**Material provided**
• • •
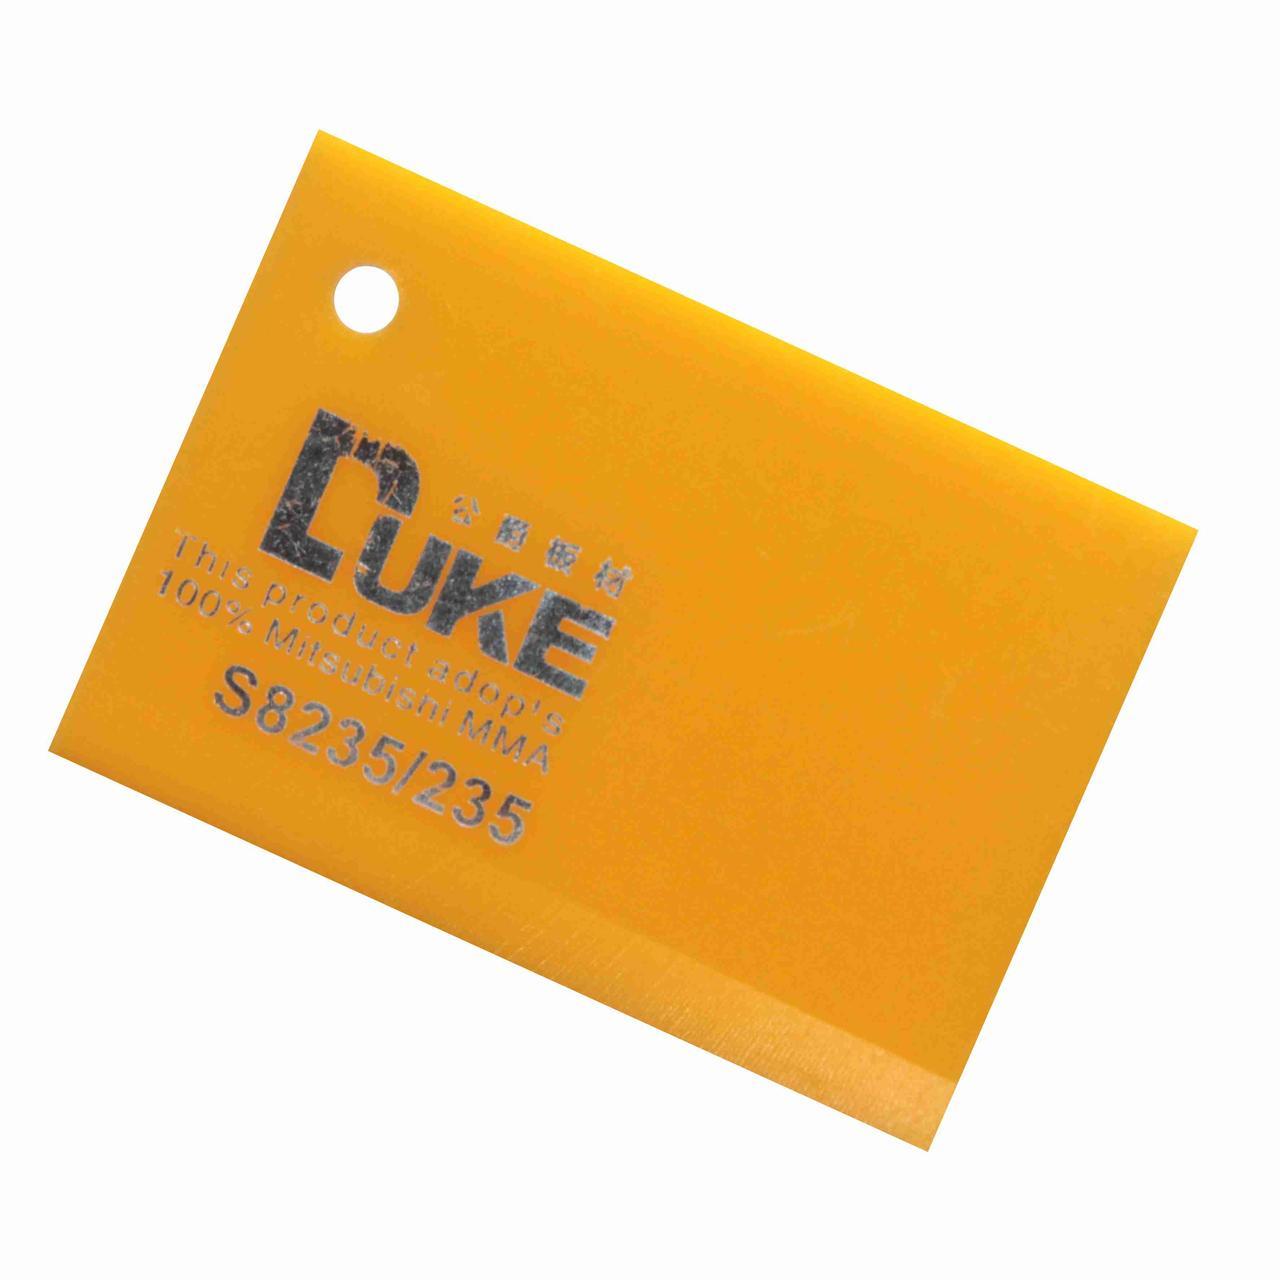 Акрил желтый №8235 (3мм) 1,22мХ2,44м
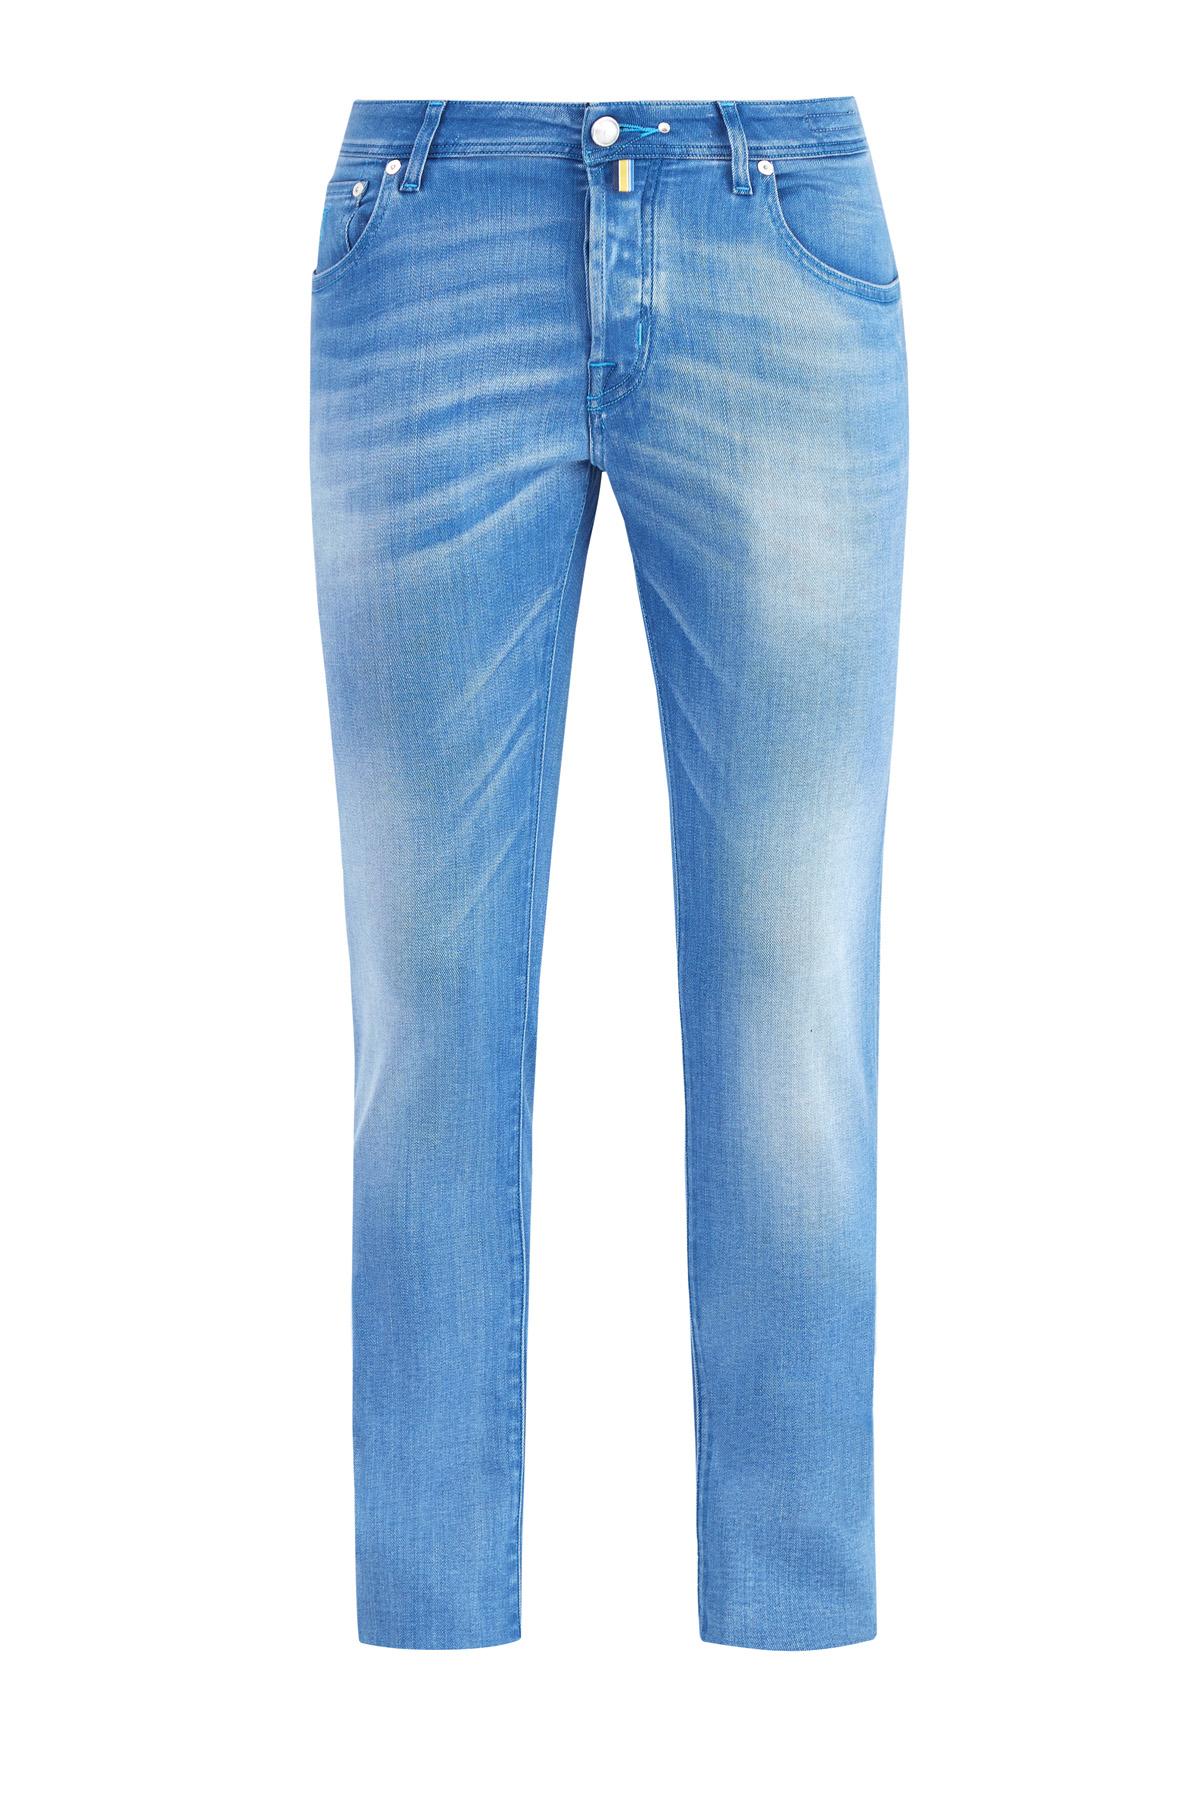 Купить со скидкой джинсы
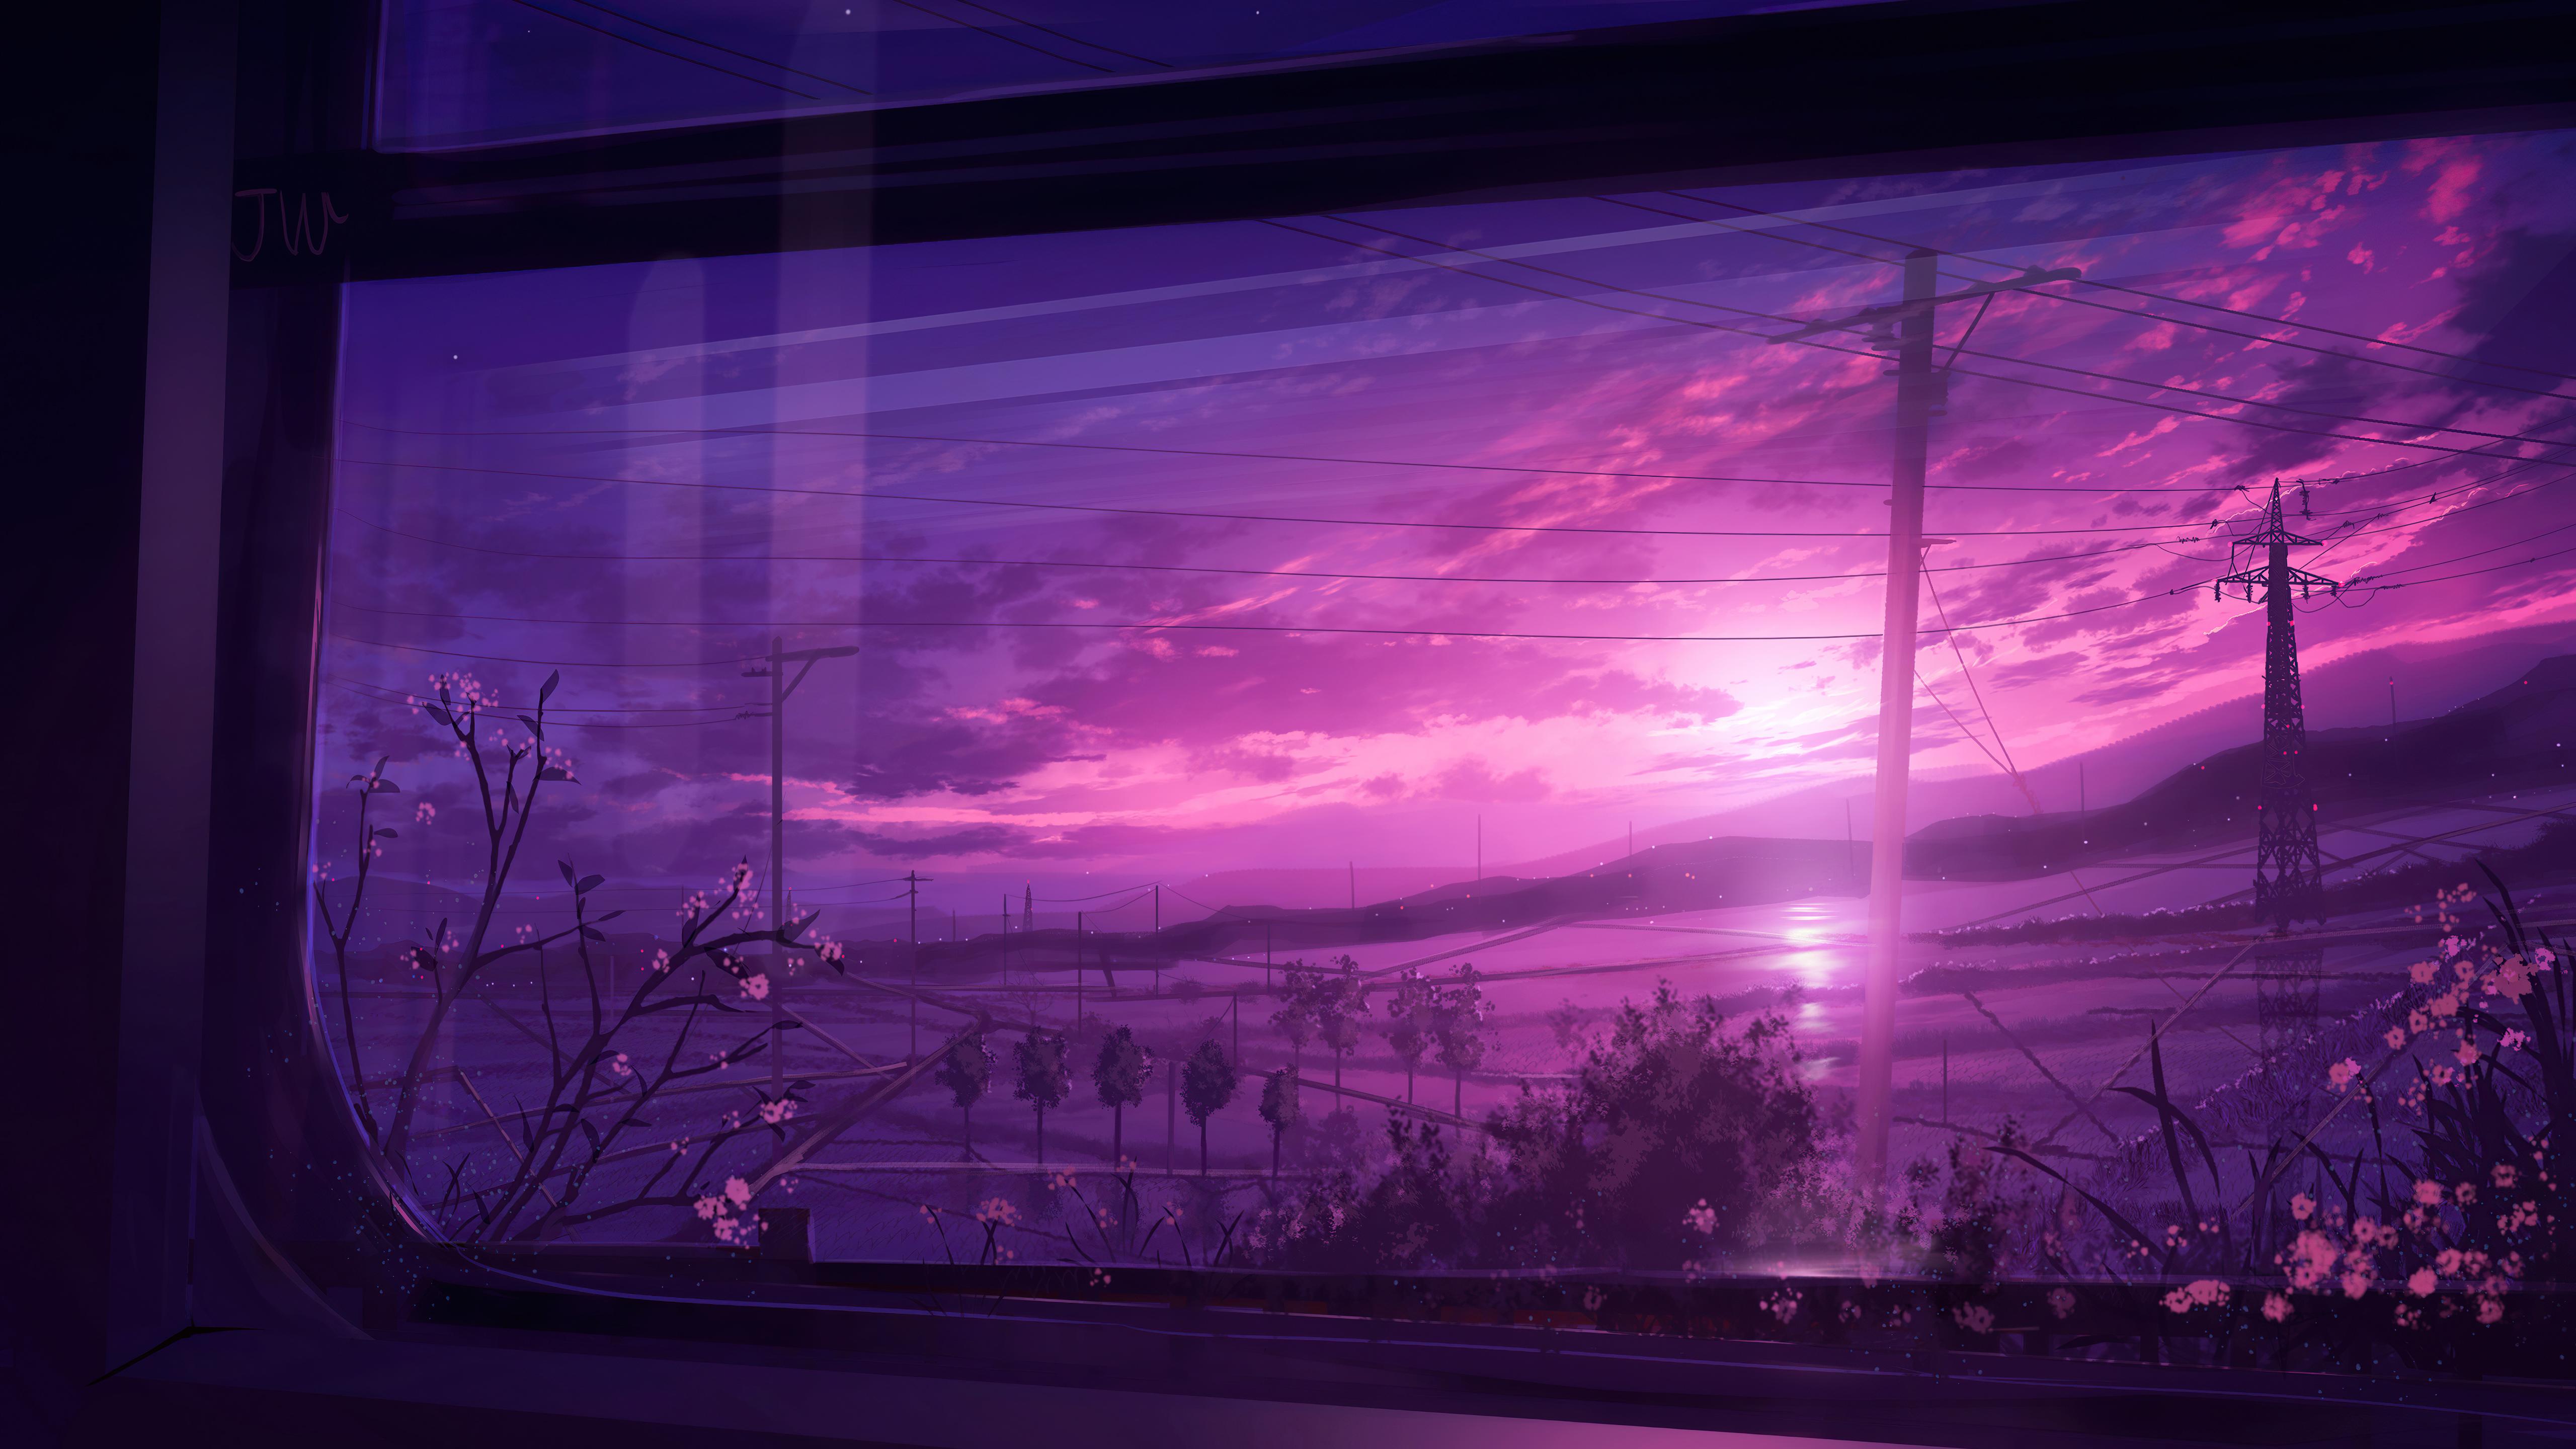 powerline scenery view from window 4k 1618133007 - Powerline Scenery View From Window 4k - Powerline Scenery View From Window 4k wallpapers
• • •
**Directions for this task**
Reproduce exactly the lines above from the one with "Купить со скидкой джинсы" through the last line of the data, keeping both ends and dropping the pictures.

**Finished task**
 Купить со скидкой джинсы
 powerline scenery view from window 4k 1618133007 - Powerline Scenery View From Window 4k - Powerline Scenery View From Window 4k wallpapers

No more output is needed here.